3. Write to pay the bills.
Writing is an art, but content is an acquisition channel. Be careful never to confuse the two.
There’s a common, vexing scenario where great writing doesn’t translate into business objectives. It seems logical that if traffic grows 10%, signups will also increase 10%. The truth is that the growth of traffic and signups is almost never parallel.
If your model is ad revenue, you can rely on pageviews to pay the bills. But since SaaS blogs rely on signups, you have to treat the medium differently. Writing to pay the bills means creating content that generates leads.
Traffic usually outpaces signups. Make sure your content pays the bills by focusing on the middle and bottom of the funnel.
There are a number of reasons this happens, but typically it represents a gap between the topics covered and the use-cases for the product. When there isn’t a natural segue from information to action, traffic grows and signups don’t. We see this most often when sites rank for short-tail, top-of-funnel keywords.
If we wrote a post called “What Is Content Marketing?” and earned a top ranking, we’d get a lot of traffic and no leads. That’s not to say there isn’t value in the traffic and links, but it will skew the visitors-to-lead ratio.
This isn’t the worst problem to have, but it can be frustrating to spend money on content without seeing a boost in revenue. Here are a few suggestions for solving it.
- Write about your product. Create middle- and bottom-of-the-funnel posts that tie education directly to your product. You can present a problem and show how it’s solved with your own tool. Also consider that some blogs—Evernote, Trello and IFTTT to name a few—write almost exclusively about their own product. Don’t be shy.
- Capture email addresses. It’s likely that users aren’t ready to buy now. Provide ample opportunities for them to get more information in the form of newsletters, courses, ebooks and whitepapers.
- Refine your keyword research. Ranking for short-tail, top-of-funnel keywords feels great, but this type of traffic rarely generates a steady stream of good customers. (This is true in the B2B space, but not necessarily for consumer products.) When you research keywords, look for logical jumps from searcher intent to software solution. For example, there aren’t a ton of people searching for “user retention best practices” but you can bet the ones that are would be open to a solution.
Traffic is a means to an end. Never lose sight of your business objective.
4. Nail the writing/promotion ratio.
As a general rule, spend at least as much time promoting as you do writing. If nothing else, a 1:1 ratio ensures that you write content with promotion in mind. This simple mindset shift means you’ll stop creating content that doesn’t have the potential to bring in visitors.
Lymari Morales, the editorial director for Atlantic Media Strategies, employs growth editors to make sure that more time is spent distributing and resurfacing content. More than 50% of The Atlantic’s monthly traffic comes from content not produced that month—that’s more than 15 million visitors each month.
Here’s how their content workflow worked before bringing on growth editors and after:
Plan to spend more time promoting in the early days. Without traction in search, it’s time-consuming to get traffic on your first few articles. As you gain traction, it’s easier to get articles ranked and you won’t need to spend as much time shopping around each and every article.
5. Goodwill goes a long way.
Speaking of promoting content, how should you go about it?
Make lots of new friends.
When it comes down to it, content promotion is mostly asking favors.
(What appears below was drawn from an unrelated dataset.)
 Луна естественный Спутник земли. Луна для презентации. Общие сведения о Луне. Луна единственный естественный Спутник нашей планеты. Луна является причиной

In order to ask favors, you need to build up goodwill. Whenever you can, help other people out. Here are a few ways to do it:
- Share other people’s articles before they ask
- Offer helpful feedback about their writing, SEO, design, etc.
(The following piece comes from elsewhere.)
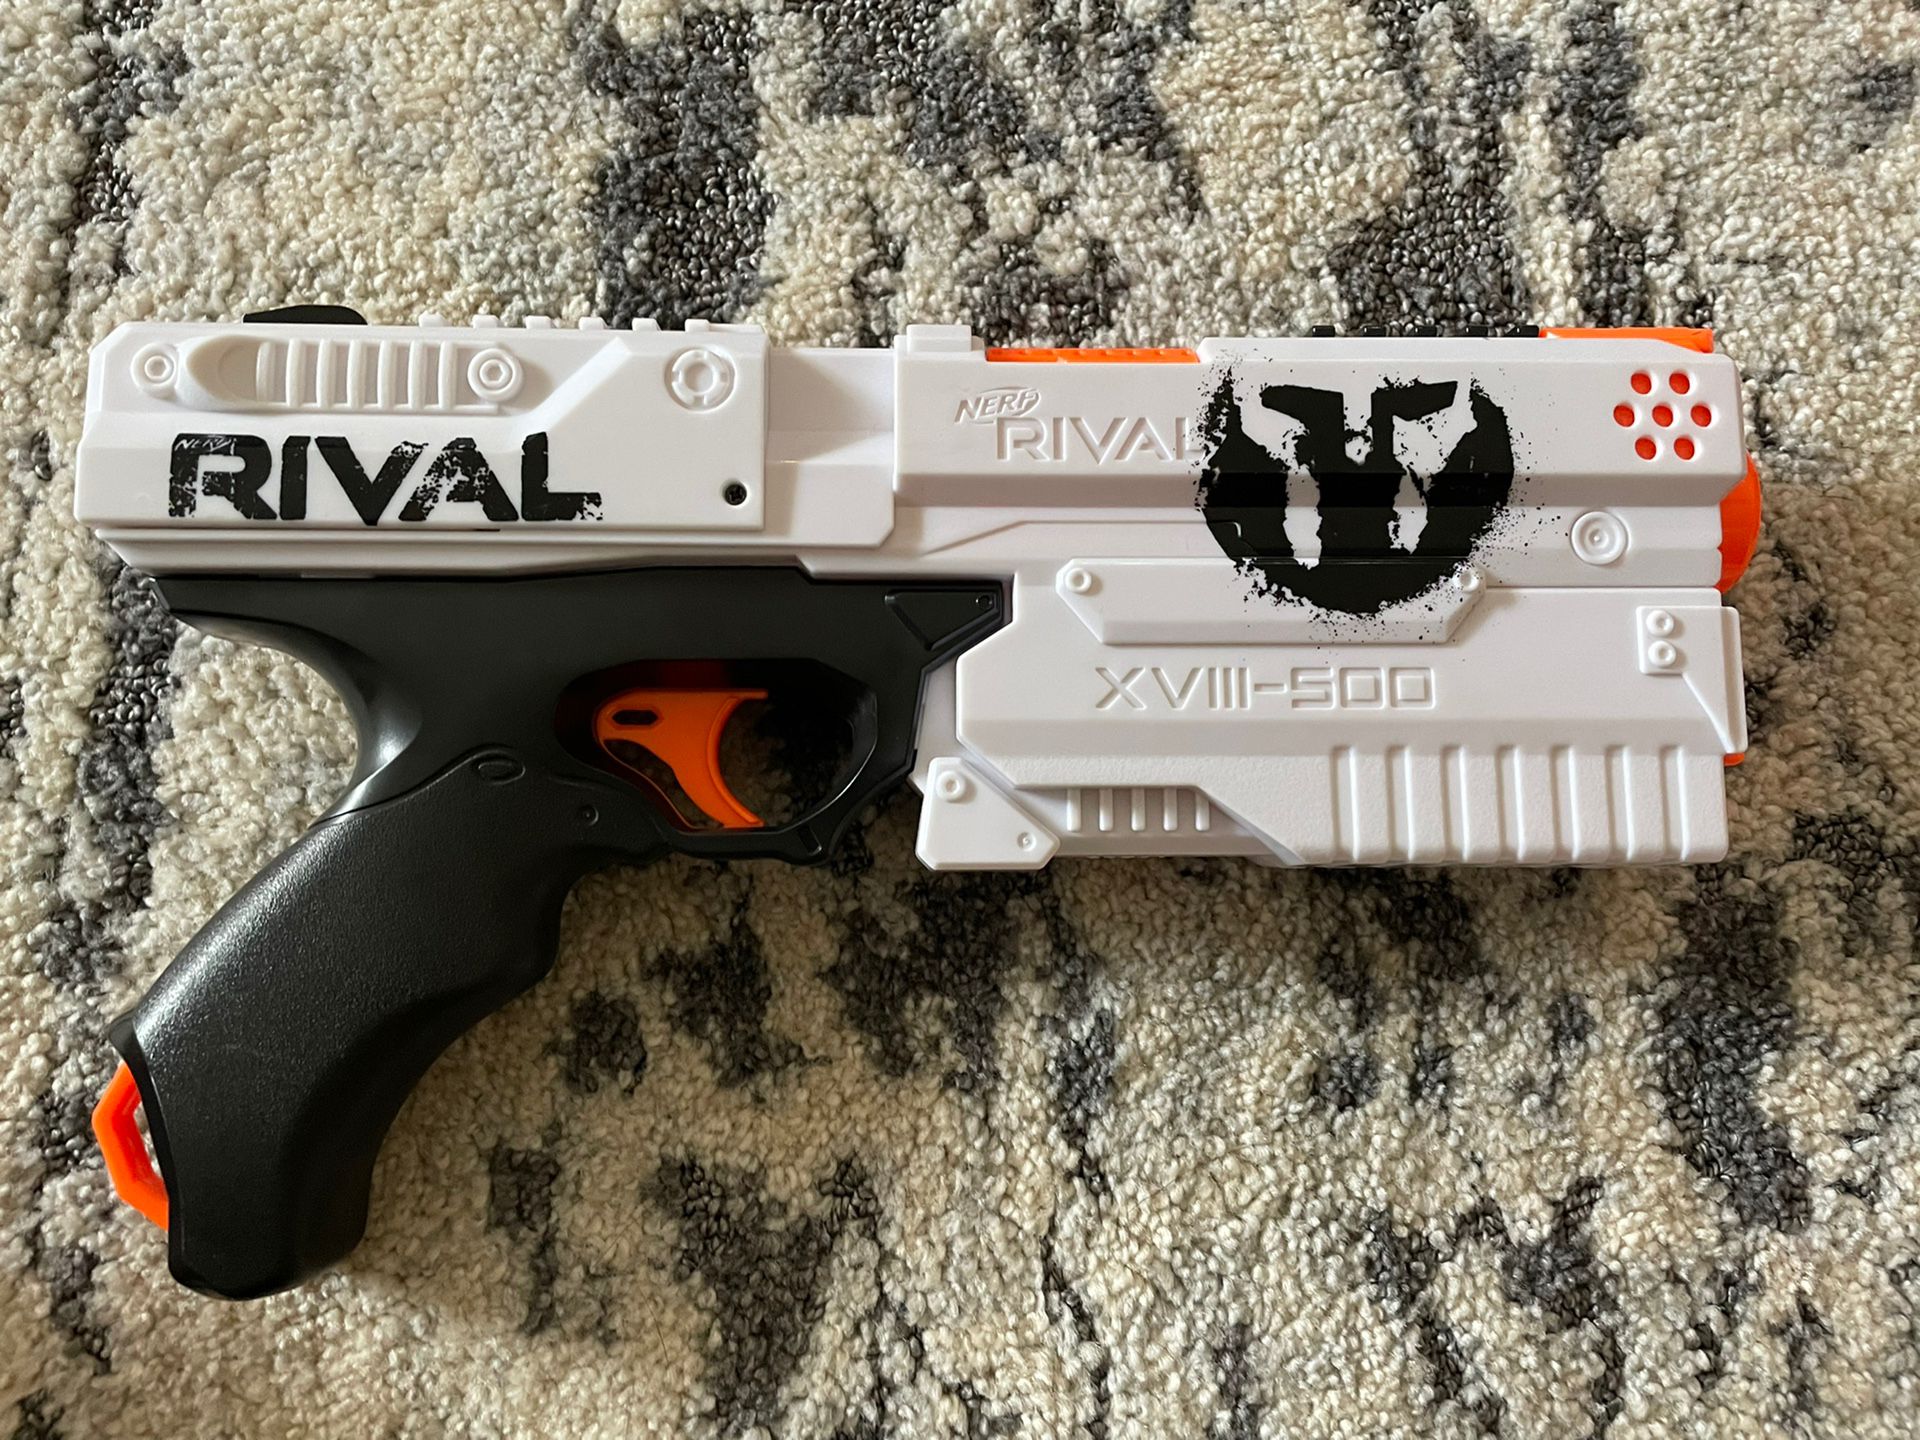 Rival Nerf Gun

- Ask people for quotes and link back to their sites
- Refer customers their way
- Sing their praises on social media (without pandering)
This, along with a steady habit of publishing, is the best way to build a strong network.
Measure Twice, Cut Once
It’s hard and very time-consuming to build a blog that drives business growth. Before you create a lot of content, consider your goals and how content can help you get there.